Step 3: Annotate sample documents
This step involves annotating the occurrences of entity and relation types defined in the type system in all of your sample documents. This is a manual process and can be done by anyone who understands the dataset using the simple WKS graphical interface .
Step 4: Train and test the annotator
After you have completed annotating your sample documents you can build the annotator. Watson Knowledge Studio provides performance statistics that can then be used to evaluate and improve the annotator.
Deploy your custom annotator to Watson Discovery
After you’ve built the annotator and the performance is satisfactory, it can be deployed to your Discovery instance from the WKS interface. Deploying the custom annotator to your Watson Discovery instance provides a model ID that will be required for configuring your Discovery collection. Then, when documents are ingested, you will see that the custom entities (Product, Brand, and Attribute in this example) and custom relations (brandOf and propertyOf) are additional enrichments that Discovery adds to the documents. This allows you to analyze your dataset for these dimensions as well.

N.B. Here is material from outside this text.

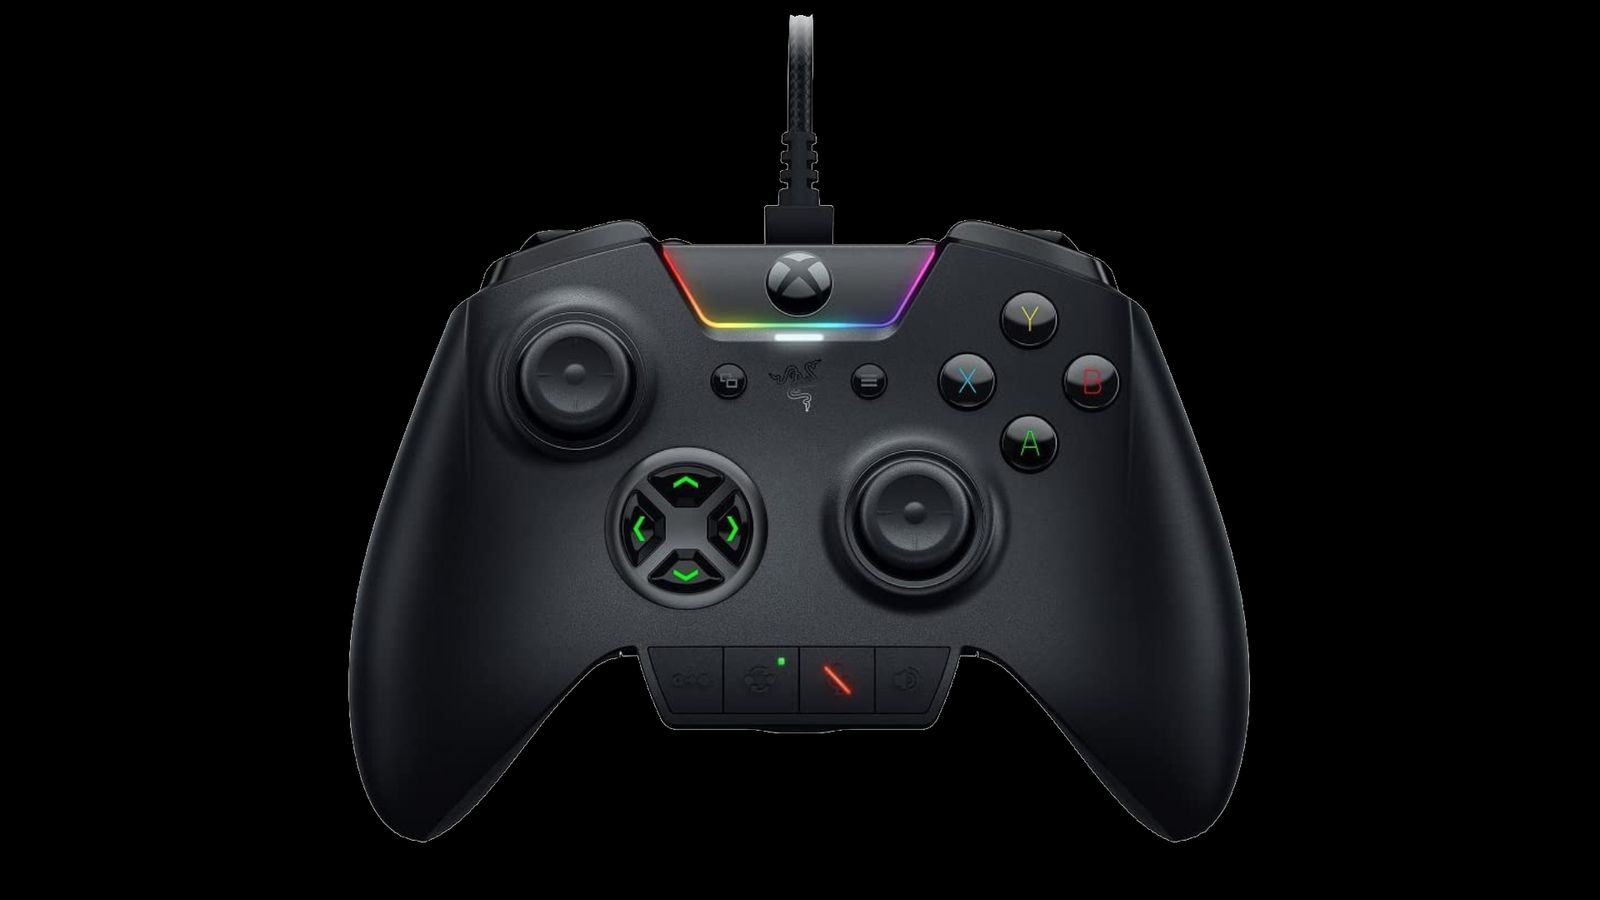 Razer Wolverine Ultimate product image of a black, Xbox-style, wired gamepad featuring RGB lighting.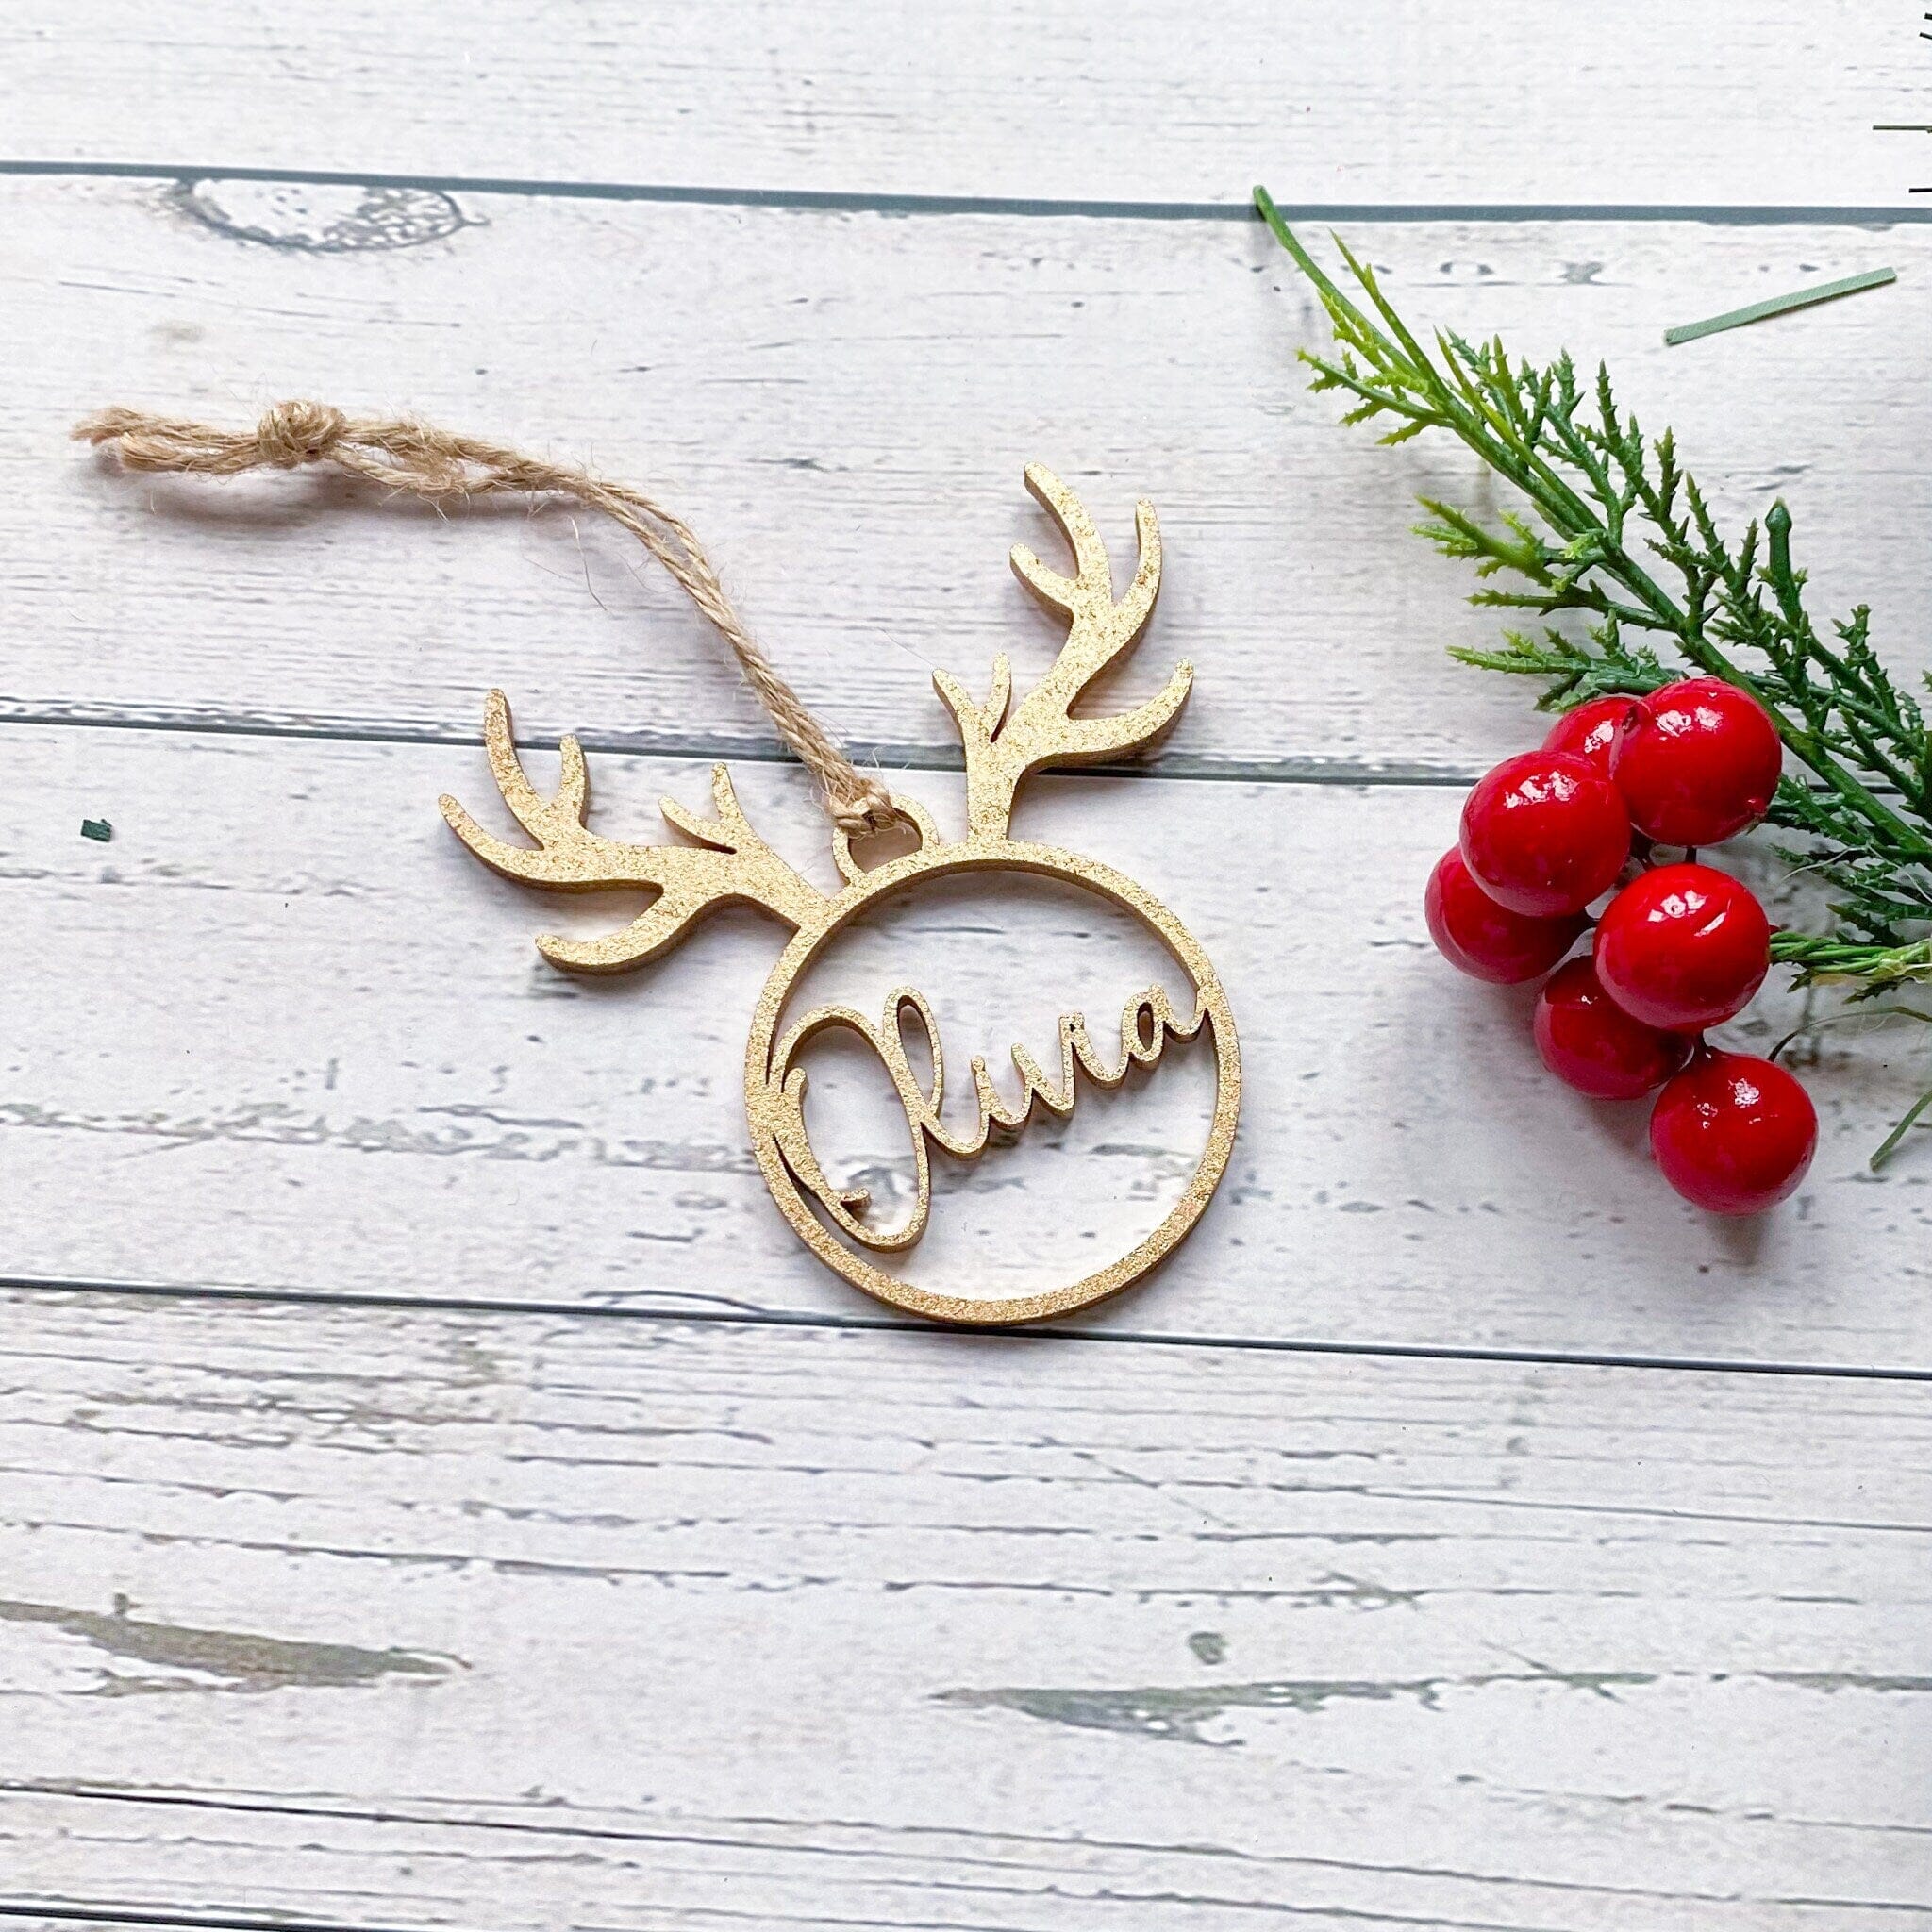 Personalised Wooden Christmas Ornament With Name Reindeer Christmas Decor Gold Silver Rose Gold Black Natural Colour

Benefits of using a custom model with Discovery
Finally, what additional capabilities does a custom model provide you with? Here are some examples of the analyses that you can perform with a custom model that you cannot perform with the “out-of-the-box” Discovery service (this is possible because we have extracted custom “product, brand, and attribute” entities and their associated relations):
- Most reviewed products
- Top brands for a particular product
- The positive and negative sentiments for a particular product or brand
- Most reviewed flavors for a particular product
- Any trends or anomalies detected by products or brands
This custom model was created by annotating 150 documents over 1 day by 3 annotators. The model can be improved further by examining the performance statistics provided by WKS and taking suitable steps such as adding more training documents or improving the consistency of annotations and re-training the model.